Lance supports flexible schema and data evolution (docs). You can add/drop columns, backfill with SQL or Python, rename fields, or change data types without rewriting the whole dataset. In practice this lets you:
  • Introduce fresh metadata (moderation labels, embeddings, quality scores) as new signals become available.
  • Add new columns to existing datasets without re-exporting terabytes of video.
  • Adjust column names or shrink storage (e.g., cast embeddings to float16) while keeping previous snapshots queryable for reproducibility.
import lance
import pyarrow as pa
import numpy as np

# Assumes you ran the export to Lance example above to store a local subset of the data
# ds = lance.dataset("./laion_1m_local")

# 1. Add a schema-only column (data to be added later)
dataset.add_columns(pa.field("moderation_label", pa.string()))

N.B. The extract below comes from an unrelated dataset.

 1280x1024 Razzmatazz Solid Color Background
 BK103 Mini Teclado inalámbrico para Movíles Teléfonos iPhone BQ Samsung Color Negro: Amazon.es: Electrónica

# 2. Add a column with data backfill using a SQL expression
dataset.add_columns(
    {
        "moderation_label": "case WHEN \"NSFW\" > 0.5 THEN 'review' ELSE 'ok' END"
    }
)

# 3. Generate rich columns via Python batch UDFs
@lance.batch_udf()
def random_embedding(batch):
    arr = np.random.rand(batch.num_rows, 128).astype("float32")
    return pa.RecordBatch.from_arrays(
        [pa.FixedSizeListArray.from_arrays(arr.ravel(), 128)],
        names=["embedding"],
    )

dataset.add_columns(random_embedding)

# 4. Bring in offline annotations with merge
labels = pa.table({
    "id": pa.array([1, 2, 3]),
    "label": pa.array(["horse", "rabbit", "cat"]),
})
dataset.merge(labels, "id")

# 5. Rename or cast columns as needs change
dataset.alter_columns({"path": "quality_bucket", "name": "quality_tier"})
dataset.alter_columns({"path": "embedding", "data_type": pa.list_(pa.float16(), 128)})
These operations are automatically versioned, so prior experiments can still point to earlier versions while the dataset keeps evolving.

Citation

@article{schuhmann2022laion5b,
  title={LAION-5B: An open large-scale dataset for training next generation image-text models},
  author={Schuhmann, Christoph and others},
  journal={NeurIPS Datasets and Benchmarks Track},
  year={2022}
}

License

Content inherits LAION’s original licensing and safety guidelines. Review LAION policy before downstream use.